Similarly, looking at Sura 112:
in nomine Dei miseratoris misericordis
Dic: est Deus unus
non genuit, et non est genitus
et non fuit illi par ullus
Leaving aside the lack of interpretative additions by Marracci and adherence to oratio recta, he also captures well the philological spirit of lam yalid wa lam yulad ("He has not begotten, nor was He begotten", with both verbs using the same w-l-d Arabic root translating to 'beget') by echoing it with the use of the same Latin root verb in translation: gignere.

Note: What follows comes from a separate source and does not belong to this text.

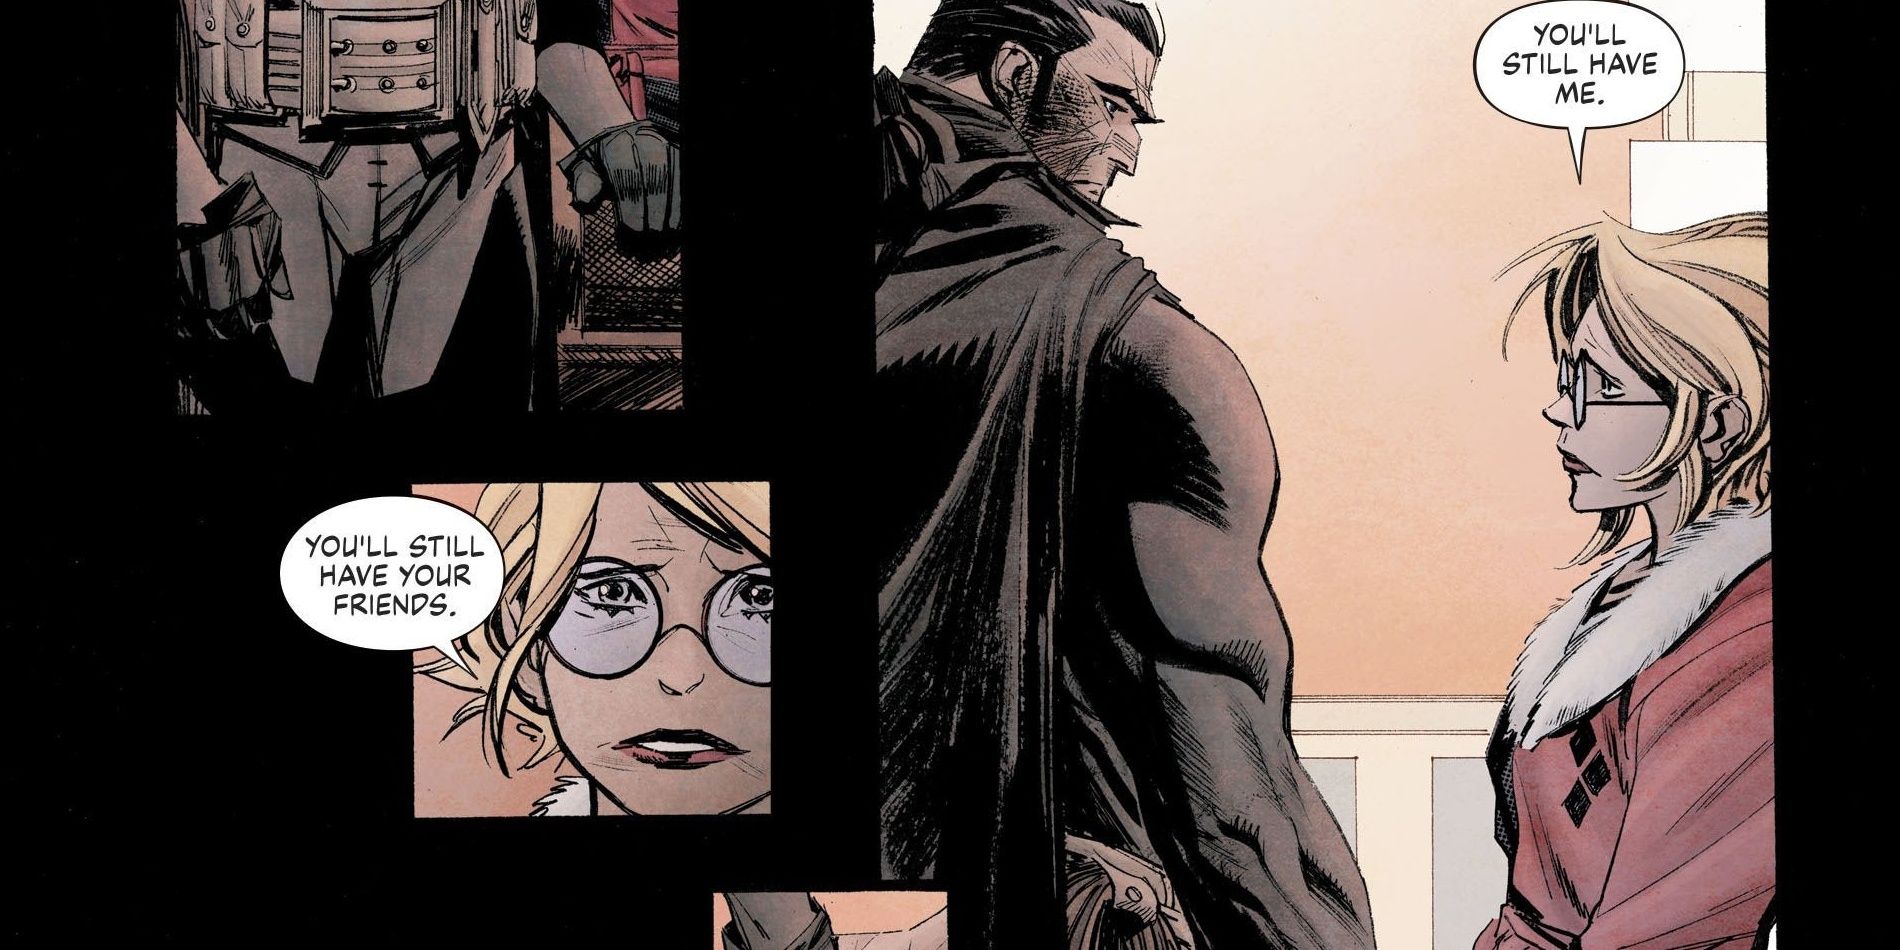 Batman/Bruce Wayne and Harley Quinn in Curse of the White Knight after the revelation of the former's heritage

Though this review of the Latin translations of the Qur'an is by no means comprehensive, it can be seen how Marracci's translation marks a great step forward in style and accuracy, regardless of the anti-Islamic sentiment. Even so, despite the problems in Robert of Ketton's work, I would not go so far as to accuse Robert of Ketton of mendacity, but rather the evidence on balance points to mistakes in an attempt to give an 'insider's perspective', so to speak, on how Muslims understand the Qur'an.